* INPUT DATA:
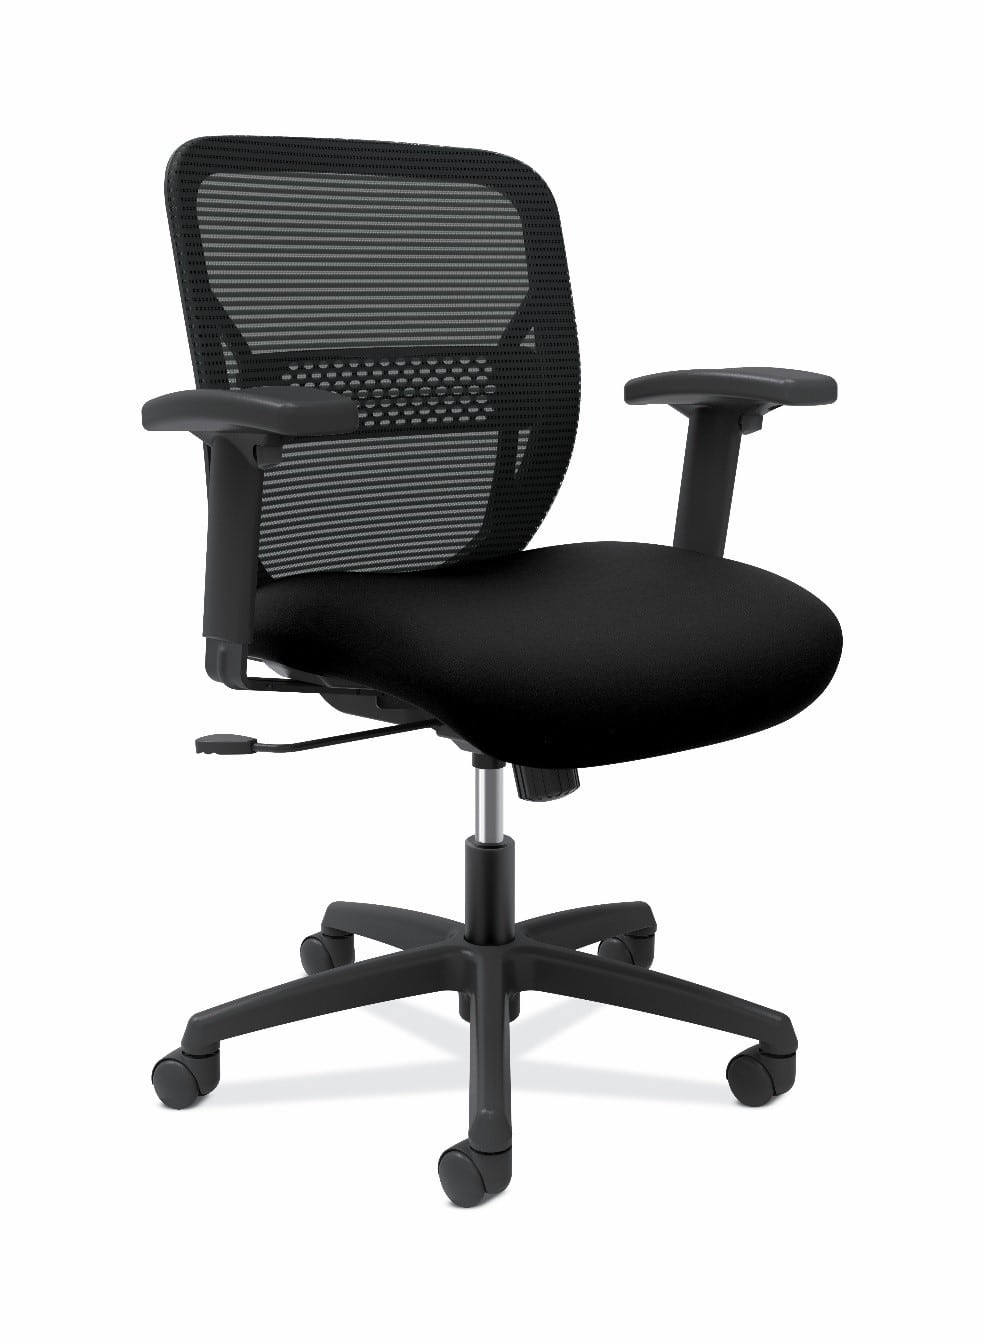 HON and Maxon Office Chairs Recalled for Injury Hazard
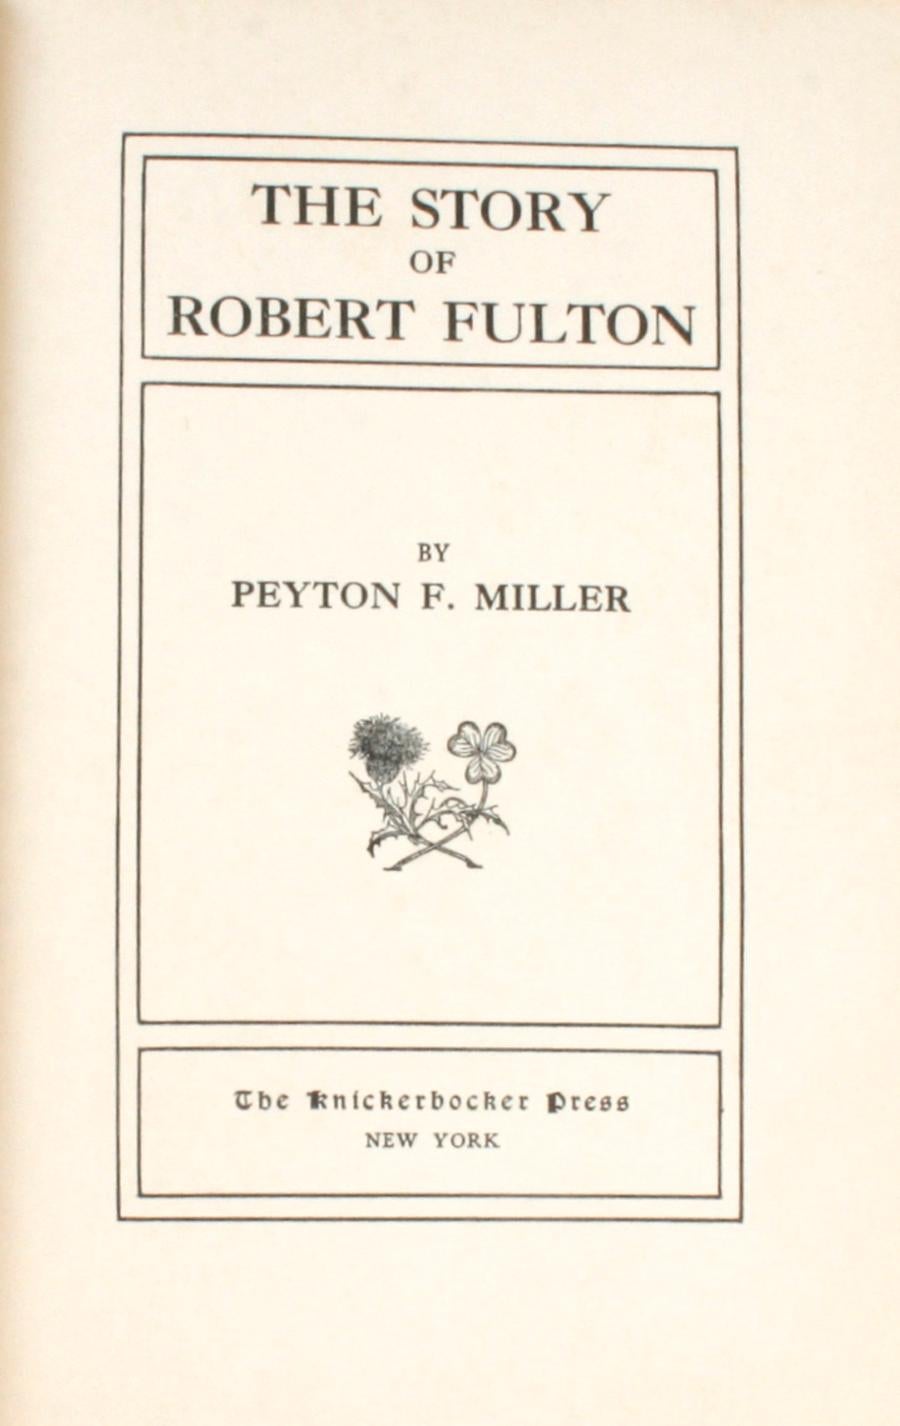 American The Story of Robert Fulton by Peyton F. Miller, 1st Edition
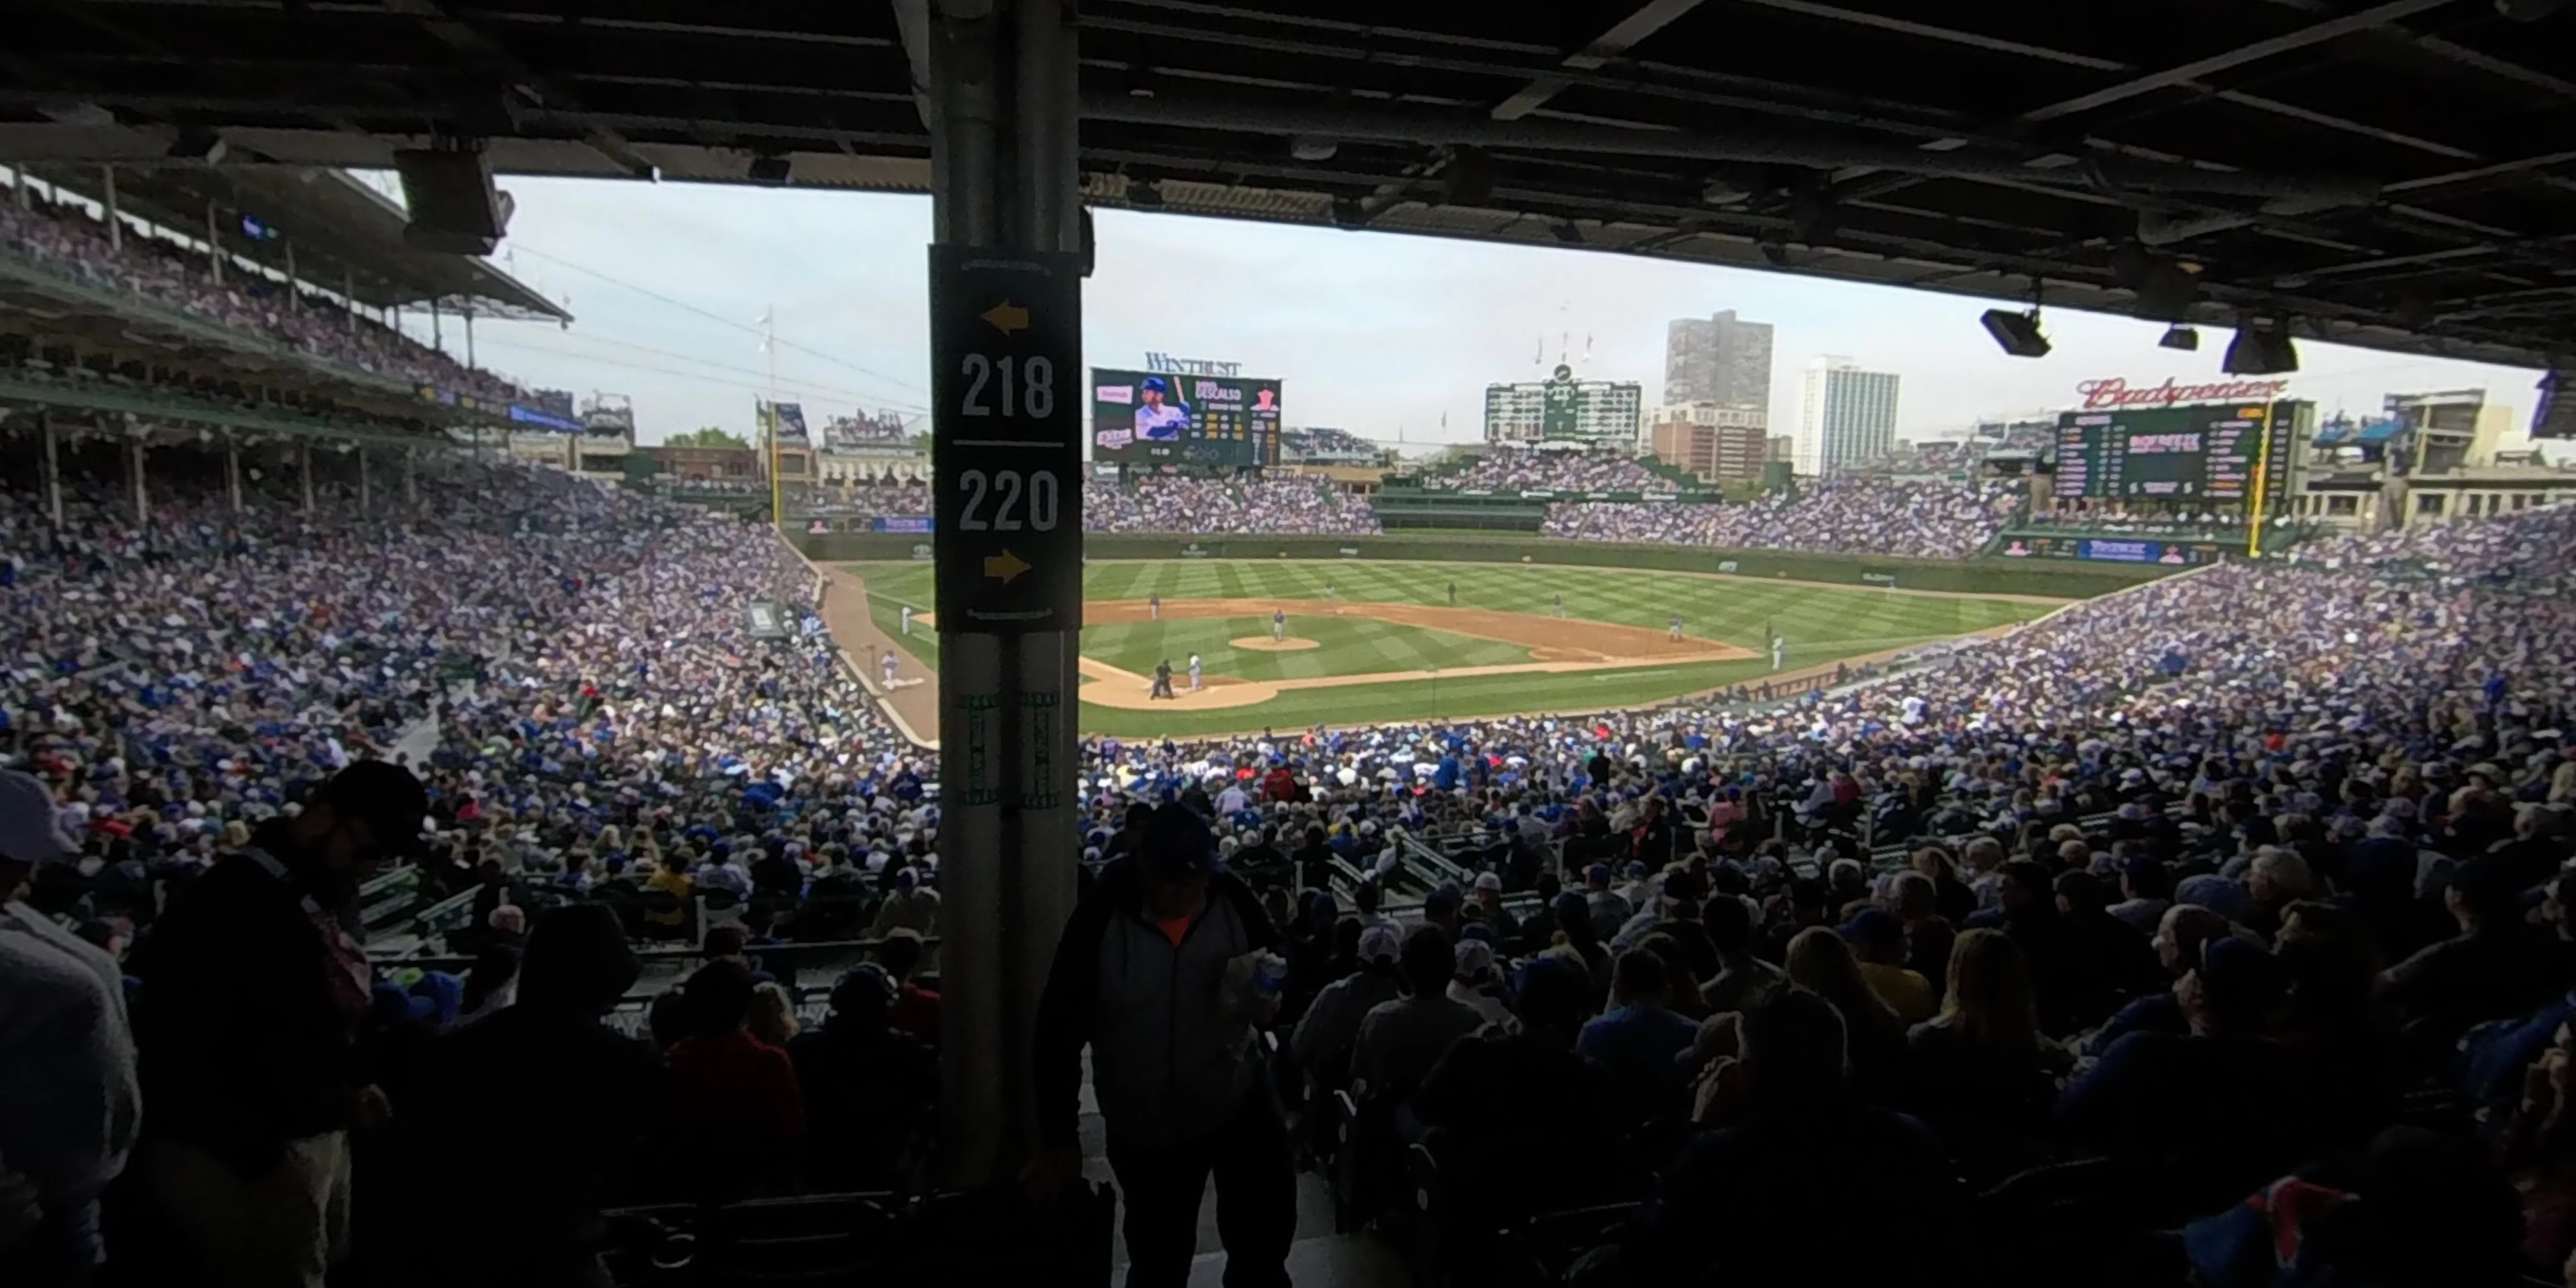 section 218 panoramic seat view  for baseball - wrigley field
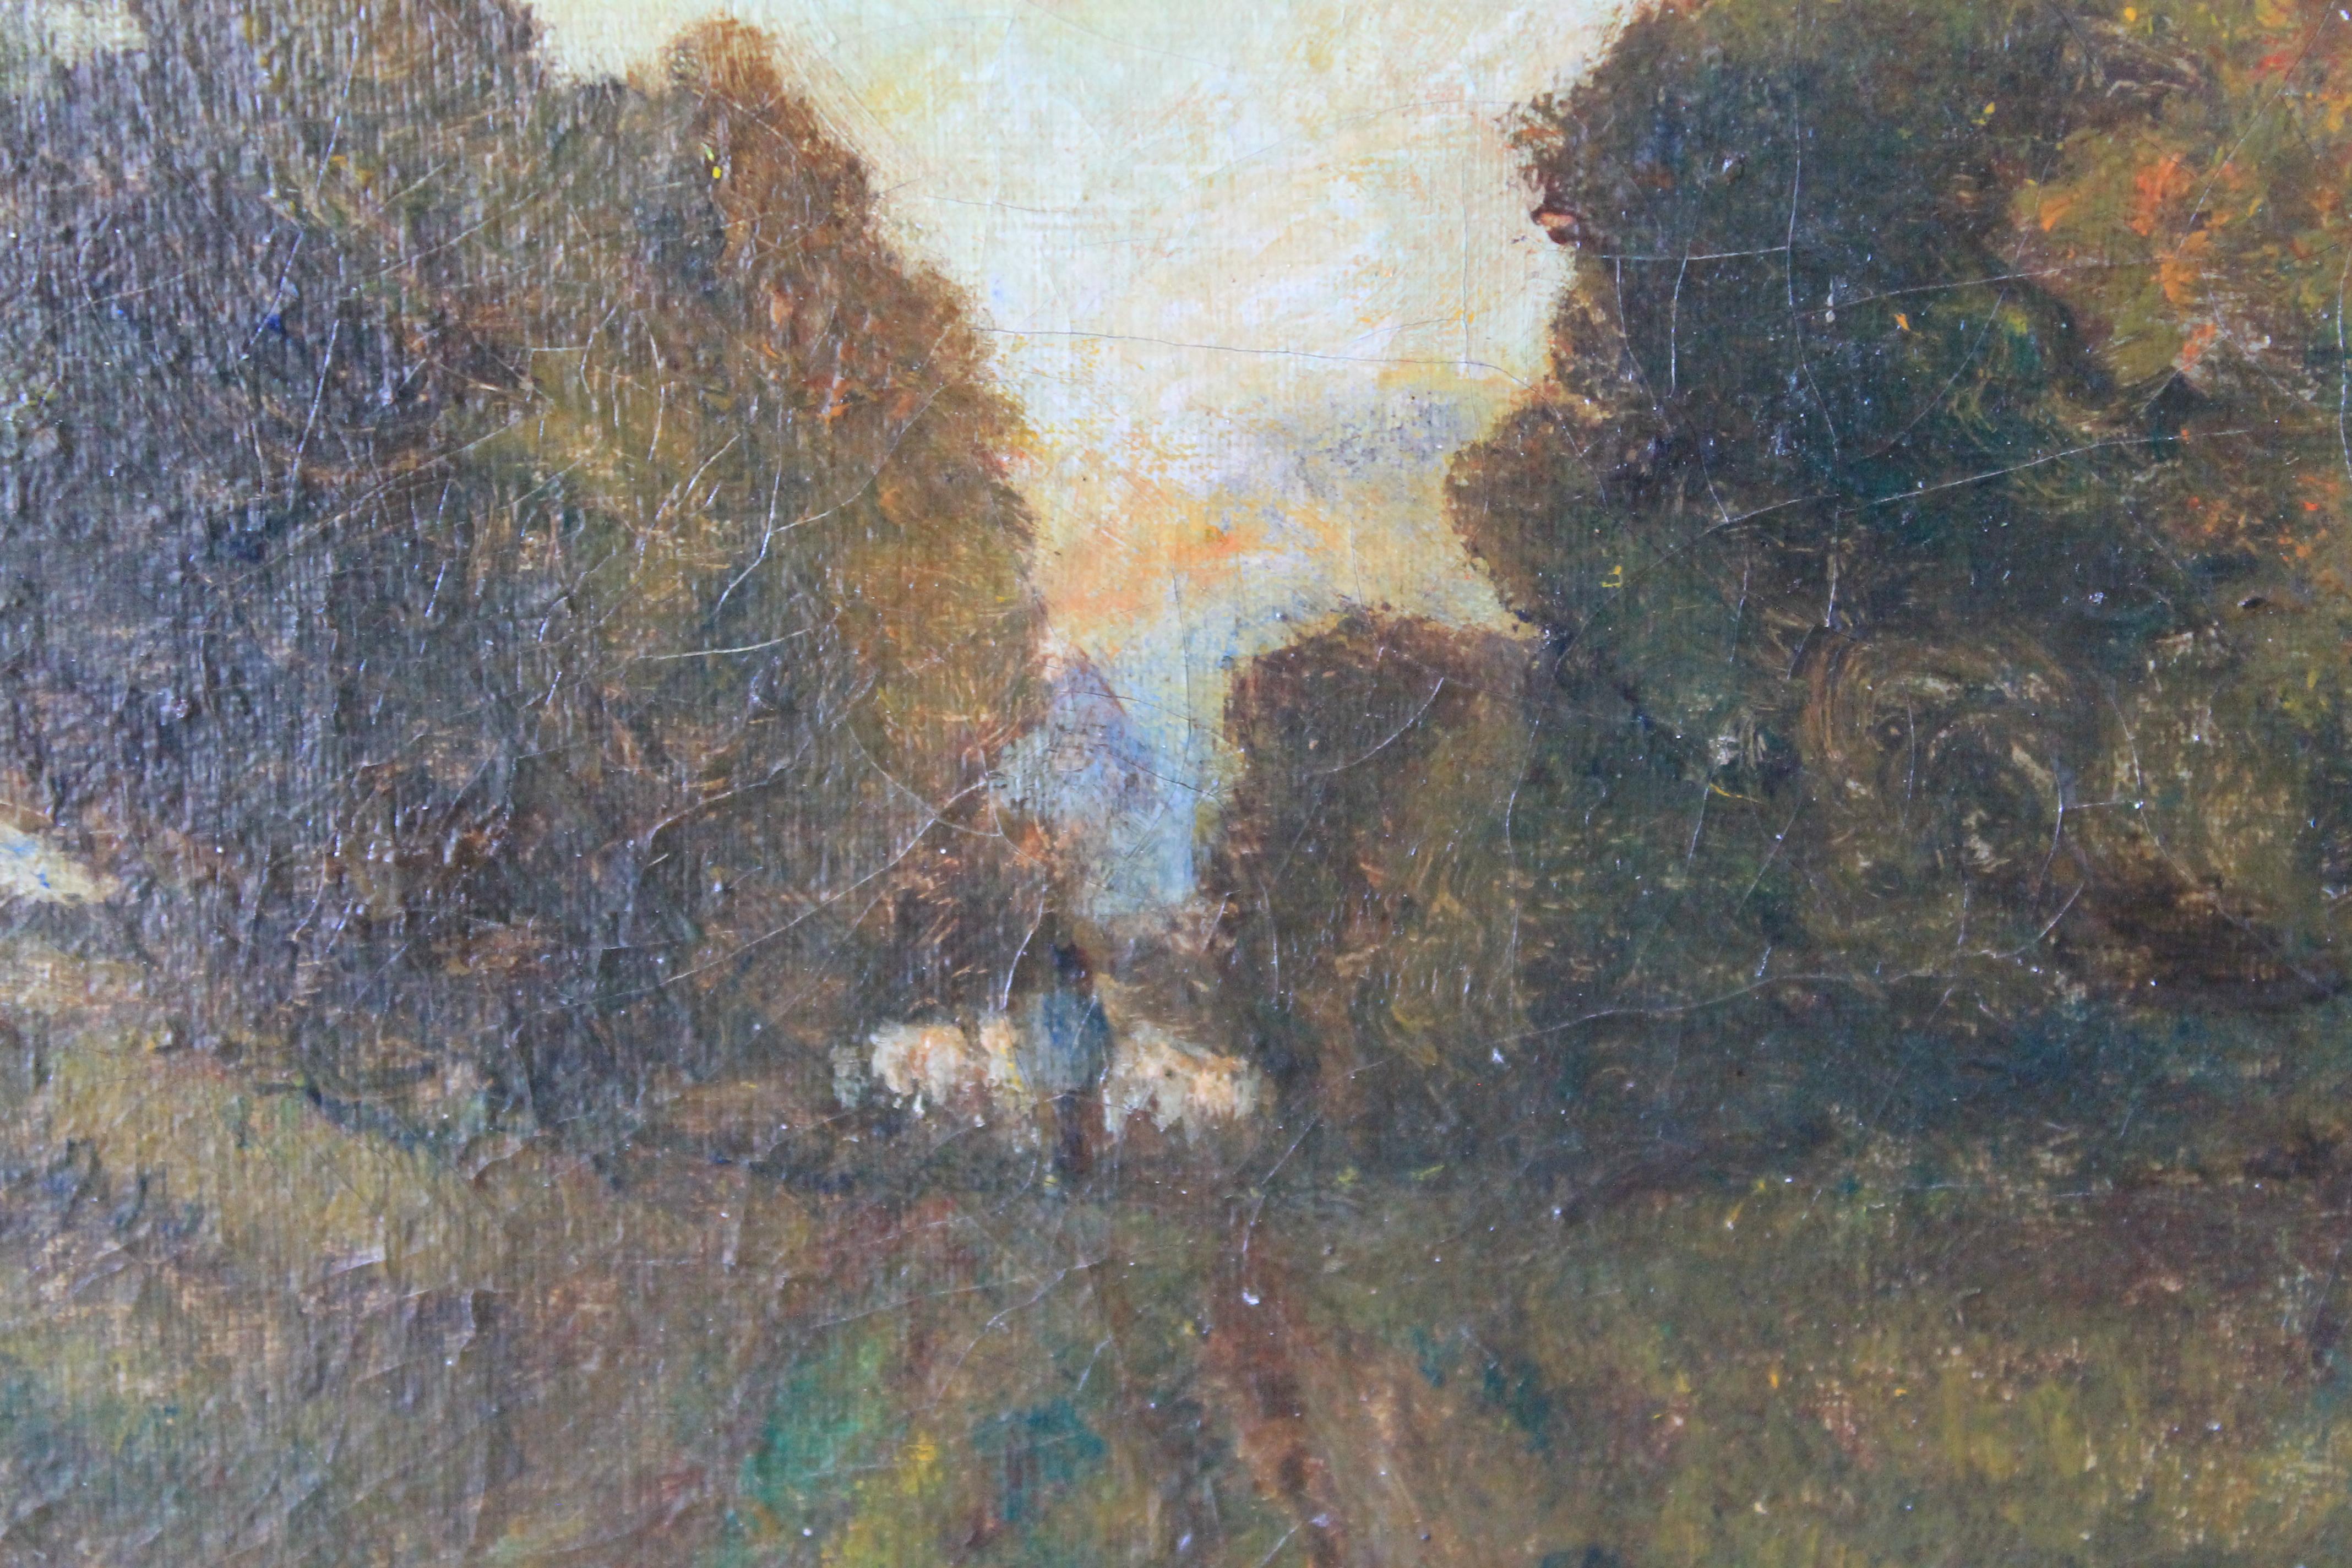 Antique impressionist landscape oil painting on a nicely stretched canvas of a farmer and his sheep walking down a country lane.  Authentic French Barbizon School oil painting.   The scene is the bucolic countryside of France.  The canvas is

* WHAT NEEDS TO BE DONE:
Output everything in the material exactly. Pictures stay out of it.

* RESULT BELOW:
 HON and Maxon Office Chairs Recalled for Injury Hazard
 American The Story of Robert Fulton by Peyton F. Miller, 1st Edition
 section 218 panoramic seat view  for baseball - wrigley field
 Antique impressionist landscape oil painting on a nicely stretched canvas of a farmer and his sheep walking down a country lane.  Authentic French Barbizon School oil painting.   The scene is the bucolic countryside of France.  The canvas is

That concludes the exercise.